The release of the 2017 International Federation of Consulting Engineers (FIDIC) suite of Red, Yellow and Silver Books represents a timely update of project contracts that, while longer and weightier than its 1999 suite, addresses long-standing issues. The documents deliver more clearly drafted terms, better balancing of risk between parties, improved project management tools, and a renewed focus on avoiding disputes – and should lead to fewer costly and damaging arbitration cases in the region.

Defined terms are now listed alphabetically, new definitions have been added, and previous definitions and clauses have been amended or reformulated to make the 2017 suite of contracts more user friendly. As an example, ‘reasonable profit’ in the first edition of the Yellow Book has been replaced by ‘cost plus profit’, which means the cost plus the applicable percentage for profit stated in the contract data. This reflects a common amendment made by users in the region, who tend to be cautious about cost entitlements that are not strictly defined and the risk of dispute arising from unresolved cost claims.

A newly formalised notice procedure will also prevent parties from claiming that a ‘one-liner’ hidden at the bottom of an email to another party should be considered sufficient notice on a particular issue. This will be welcomed in the region, where the standard of document management and formal correspondence tends to lag behind other parts of the world.

2017 suite of contracts

Under the 2017 Red and Yellow Books, there is a greater emphasis on the role of the engineer. The engineer is required to be fluent in the ruling language of the contract, hold suitable qualifications, and act neutrally in his role as mediator between parties when agreeing or determining disputes (although the term ‘neutral’ has not been defined). Similar provisions have also been added to the Silver Book, and the employer’s representative is now deemed not to act for the employer when agreeing or determining disputes.

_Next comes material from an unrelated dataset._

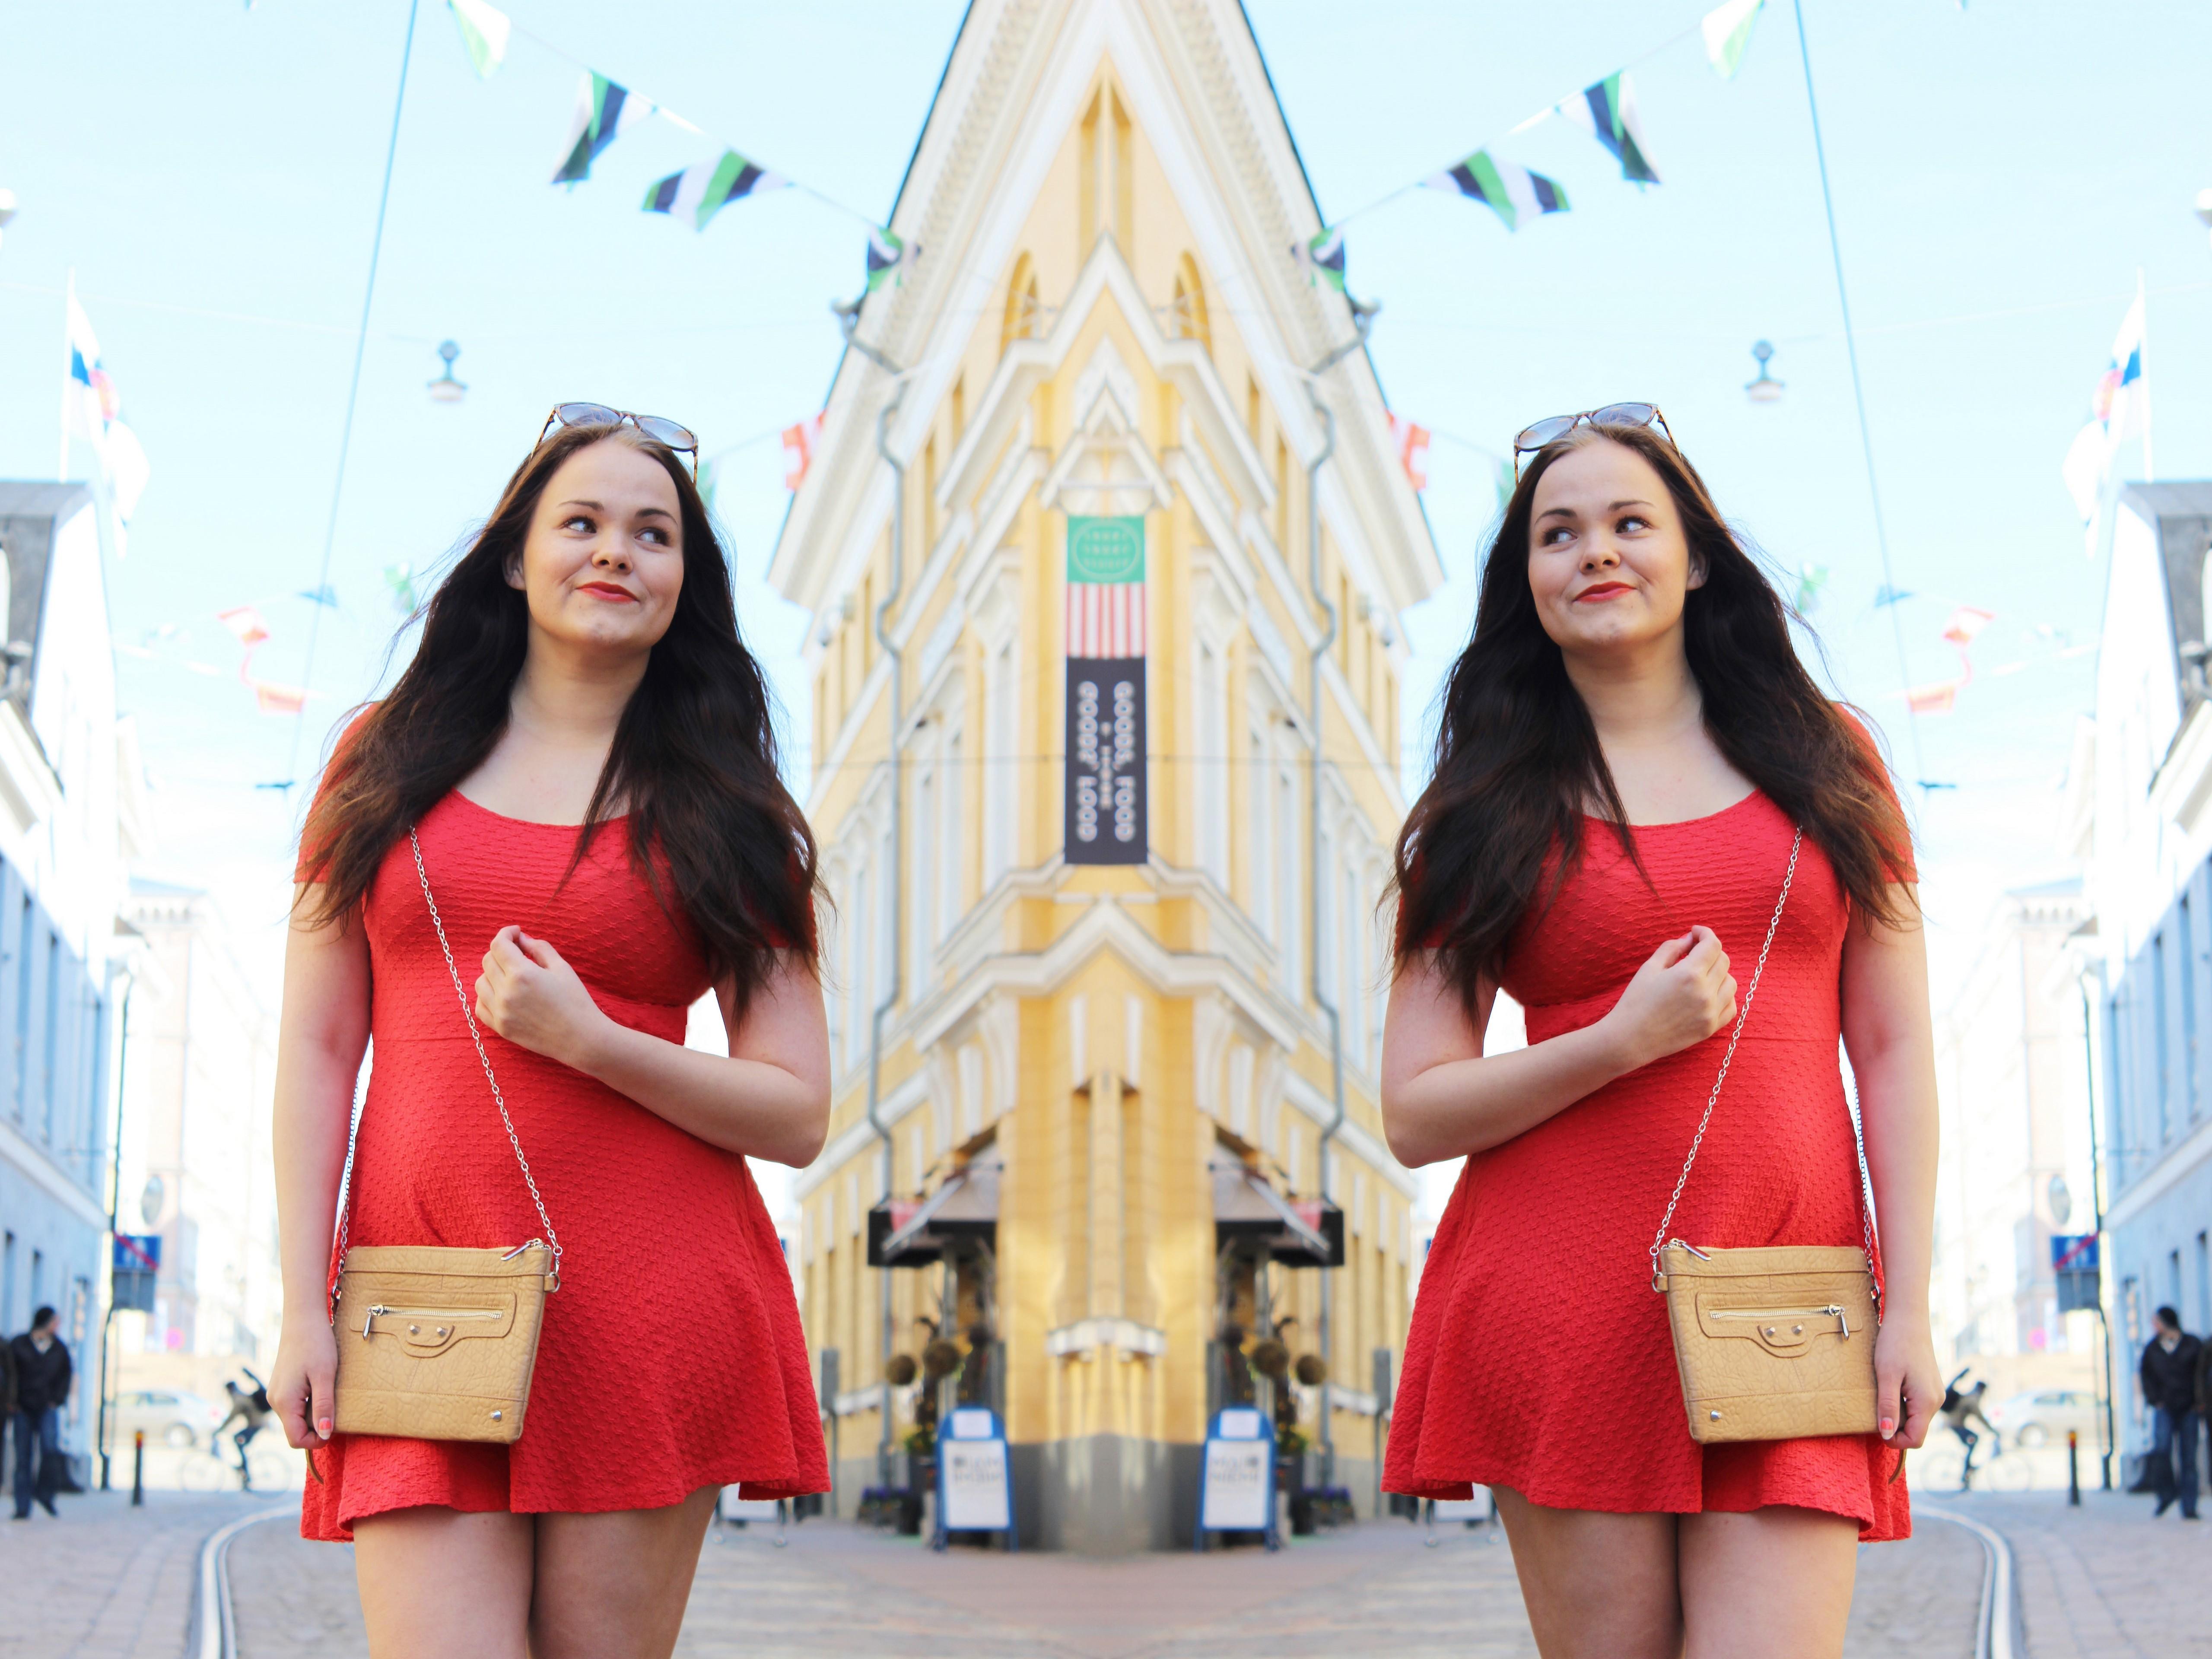 Helsinki photoshoot10

These developments may be less popular in the region, where employers have typically amended the equivalent provisions in the 1999 suite to restrict the authority of the engineer.
While it is difficult to imagine such attitudes will change, if either party is unhappy after receiving the engineer’s or employer’s representative’s decision, the 2017 contracts also allow for the dissatisfied party to give a ‘Notice of Dissatisfaction’ to the other party within 28 days, in order to obtain a dispute adjudication/avoidance board (DAAB) decision. The DAAB itself must now be appointed from the outset and monitor disputes throughout the project, and will have the power to invite the parties to refer any issue in dispute if it becomes aware of it.

It is unlikely, however, that the amendments in the 2017 suite of contracts will make disputes boards any more popular in the region as there remains a perception that only the largest and most complex projects will be able to absorb the cost of a standing disputes board.

Instead, FIDIC users in the region will likely continue to take the proverbial red pen to the DAAB drafting and opt for the tried and tested approach of negotiation/expert determination at first instance, followed by arbitration.

Rebalanced risk

In addition to narrowing the circumstances for which the contractor may claim an extension of time, the 2017 suite of contracts introduces the concept of concurrent delay, and requires that at the outset, the parties agree how concurrent delay will be dealt with.

Although the region may welcome the clarity afforded by this new provision, in practice in most Middle East construction contracts, the contractor will have no entitlement to time or cost relief for an employer delay where it is itself culpable for the delay.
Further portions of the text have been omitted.